ADB helped the Philippines expand its use of microfinance and learned some valuable lessons along the way.
Poverty rates in the Philippines have generally declined in the last 20 years, but it remains a persistent, widespread problem in the country. The Philippine government has made poverty reduction a high priority.
Microfinance, or the provision of financial services such as loans to poor families, is recognized as a potent method of directly improving the lives of those most in need. When managed correctly, these small loans can be used to build small businesses and develop other income-generating activities that have a long-lasting impact.
The Philippine government has recognized the efficacy of microfinance and has made progress in promoting the development practice. It has also prioritized the need to accelerate the use of microfinance and expand its reach across the country. In 2005, more than two-thirds of poor families, or 17 million people, did not have access to microfinance.
To help the Philippines expand its use of microfinance to assist poor families, ADB in November 2005 began the Microfinance Development Program. The program, supported by a $150 million loan from ADB, sought to help the Philippines achieve the Millennium Development Goals, including the eradication of extreme hunger and poverty, and the empowerment of women, through the use of microfinance.
Specifically, the program sought to increase the number of users of microfinance and expand financial literacy and consumer protection for the poor.
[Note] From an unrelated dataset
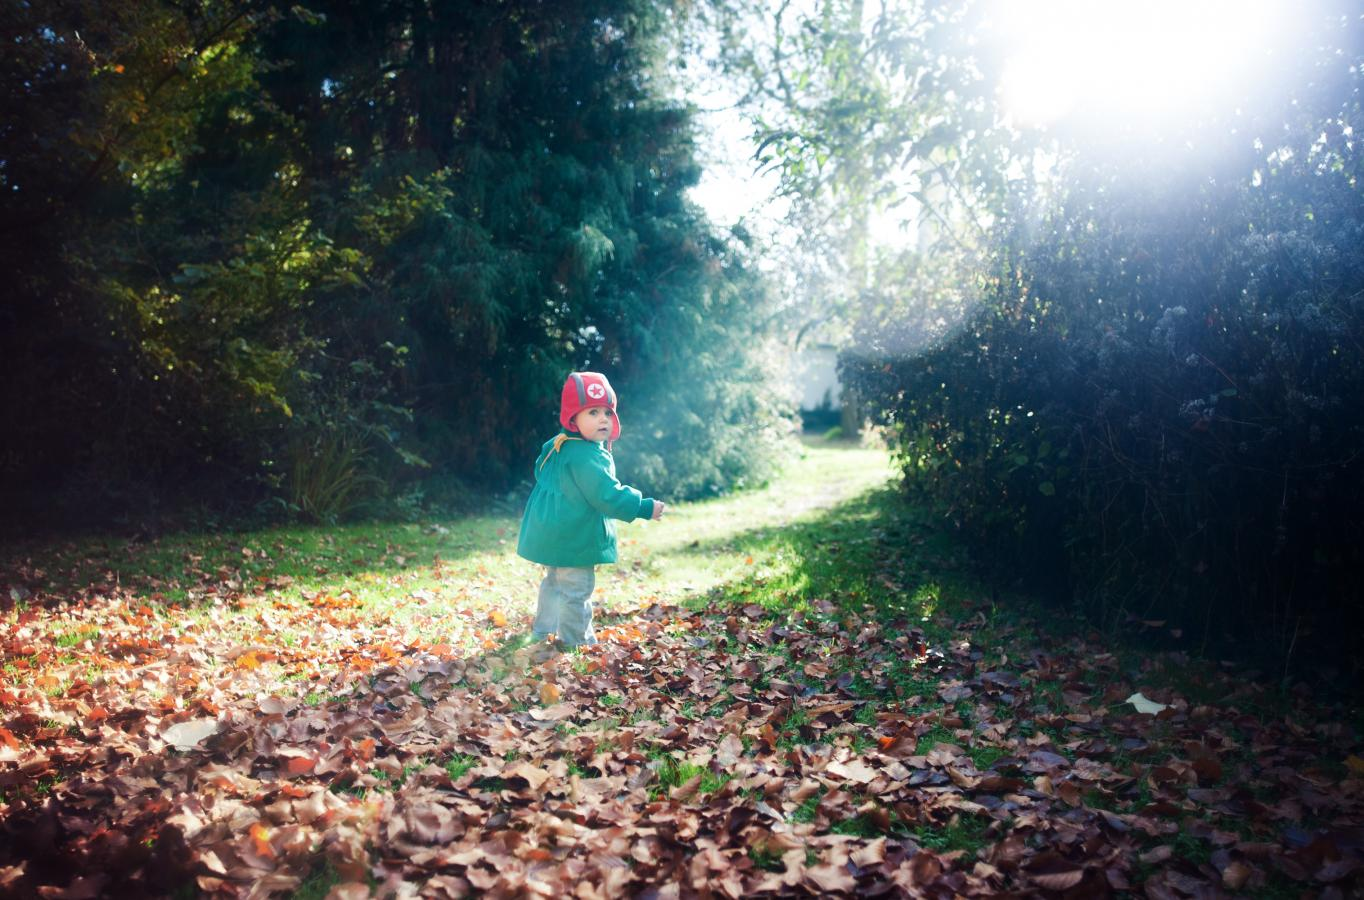 sunny-autumn-days-2-haasdonk-2012

It also sought to build viable institutions that could provide efficient and cost-effective microfinance services and improve the policy and regulatory oversight of the industry.
The program assisted the Philippines in more than doubling the number of active microfinance clients in the country, from 2.4 million in 2006 to 5.5 million in 2008. During the same period, about 2.6 million jobs were created, according to the program completion report produced by ADB.
In addition, the program took a wider view of microfinance than simply lending. This included helping to increase the number of microfinance institutions that offered microsavings and microinsurance services. In December 2007, at the conclusion of the program, there were six mutual benefit associations offering microinsurance to 518,307 policy holders.
The program helped make microfinance institutions in the Philippines more sustainable by assisting in the adoption of performance standards by government regulatory agencies and those doing business related to microfinance. These standards promoted legal and ethical practices within the microfinance industry, whose clients can be vulnerable to exploitation.
Working in coordination with the Philippine government, the program promoted the use of electronic banking, particularly with mobile phone technology. This lowers costs and saves time for microfinance clients, who often make multiple small loan payments a month. Rather than physically visiting a microfinance office, or relying on a go-between, the client can pay quickly and cheaply using their mobile phone.
The program also helped create new legislation, bolster a government regulatory agency and produced a consumer protection guidebook that helped improve the oversight of the industry and while increasing the financial understanding of clients.
The program faced significant challenges. For instance, it sought to level the playing field in terms of taxation on microfinance institutions. Some microfinance institutions are considered non-government organizations and enjoy tax-exempt status while others do not. Tax-exempt non-government organizations vigorously opposed these efforts and at the end of the program, the status quo remained.
An attempt to increase the efficiency of a government agency involved in microfinance through privatization failed. More progress could have been made toward privatization had the program taken more concrete steps toward achieving the goal.
In addition, a website created with the support of the program could not effectively receive complaints from the public due to lack of awareness and technology limitations. The lesson learned in this instance was that the program could have more fully investigated the capacity of the website operator to sustain its new, enhanced functions.
After the completion of the program in December 2007, efforts continued to align the new laws, manuals, and government agencies associated with microfinance. There were also efforts to maintain market-based principles in the conduct of microfinance, particularly in dealing with micro, small, and medium-sized enterprises.
As the number of microfinance clients increased under the program, the need for an efficient microfinance credit system became clear and was identified as a priority for future work. A need was also recognized for an expansion of microinsurance in the Philippines and for an increase in support for the financing of microenterprises.